Healthcare and schooling

Cyprus's public General Healthcare System (GeSY) covers all residents and is genuinely usable — primary care, specialists, prescriptions and most hospital procedures are free or have small co-payments. Most relocators also keep a private health insurance plan (€800 to €2,500 per adult per year depending on age and coverage) for faster access to specialists and private hospitals. Private hospitalisation is meaningfully cheaper than the UK or US — a normal childbirth runs around €2,500–€4,000 at a top private hospital, MRIs around €350, dental cleanings around €60. International schooling is where the budget gets serious: expect €5,000–€10,000 per child per year at the cheaper end (Paphos, Larnaca), and €10,000–€18,000 at the established Limassol and Nicosia schools. Public school is free and rapidly improving its English-medium programming, but most established relocators still default to private for secondary years.

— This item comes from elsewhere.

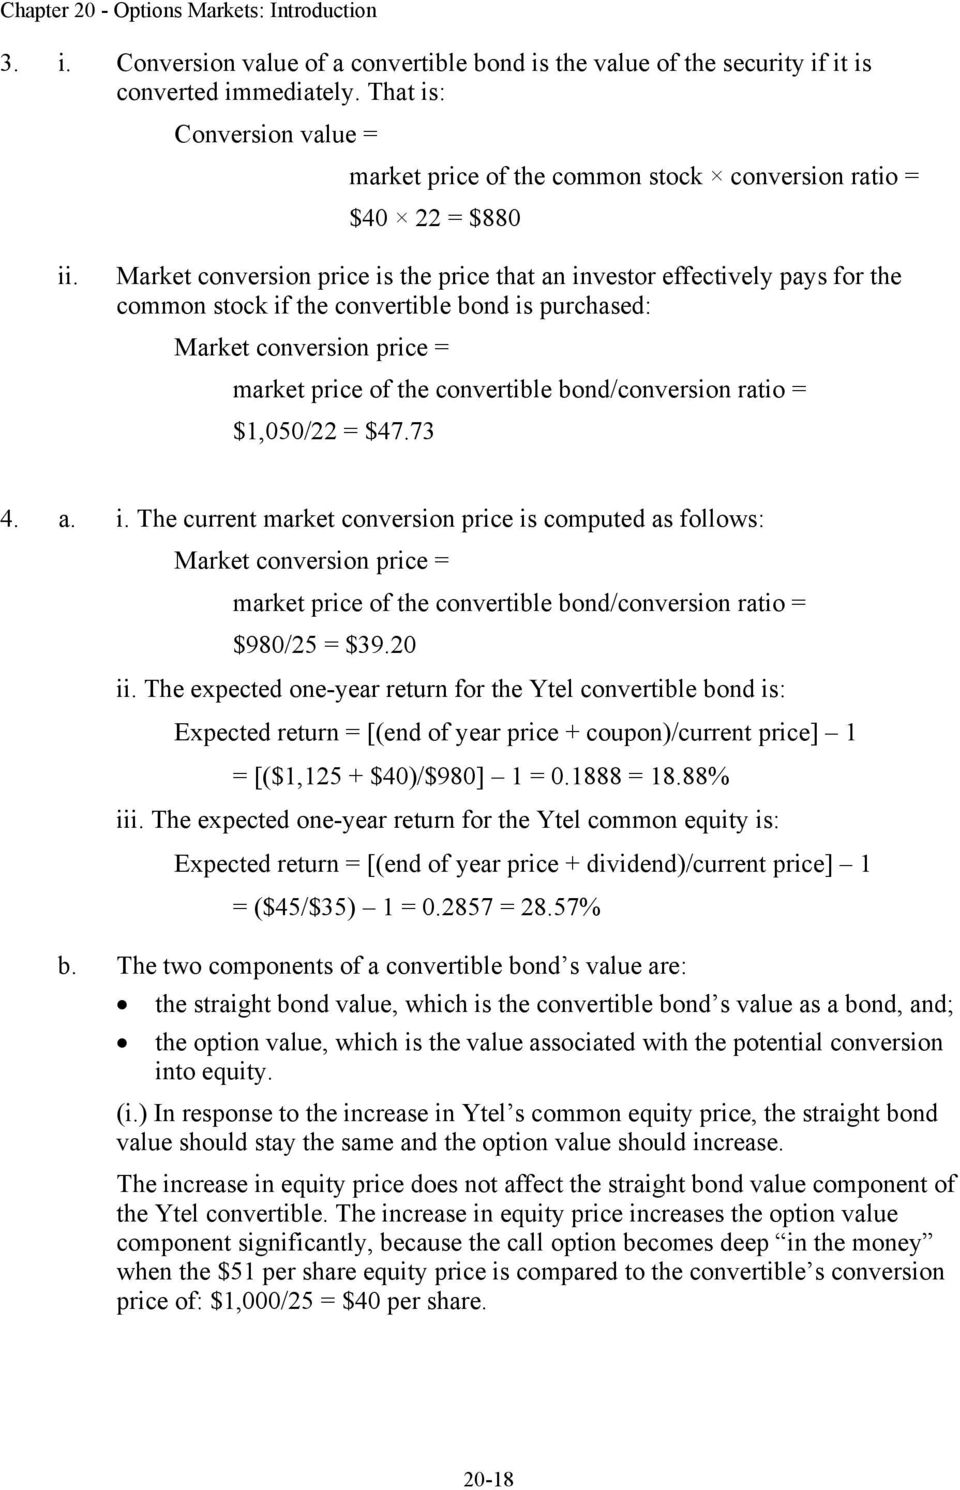 Market conversion price is the price that an investor effectively pays for the common stock if the convertible bond is purchased: Market conversion price = market price of the convertible

Transport and the realistic monthly budget

Cyprus is a car culture. Public transport is functional within Limassol and Nicosia and almost non-existent everywhere else; outside the cities a car is essentially mandatory. Used cars are cheap by EU standards (a 2018 Toyota Yaris is €7,000–€9,000) but new cars carry significant registration tax. Petrol runs around €1.40 per litre. Putting it all together, a realistic monthly budget for a family of four living comfortably (two-bed apartment in a non-towering complex, one car, private school for one child, both adults working): Limassol €4,500–€6,000, Larnaca/Paphos/Nicosia €3,200–€4,500. A retired couple in Paphos or Larnaca living modestly can do well on €2,500–€3,000 per month. Add €500–€1,000 if you want to eat out frequently or run a second car.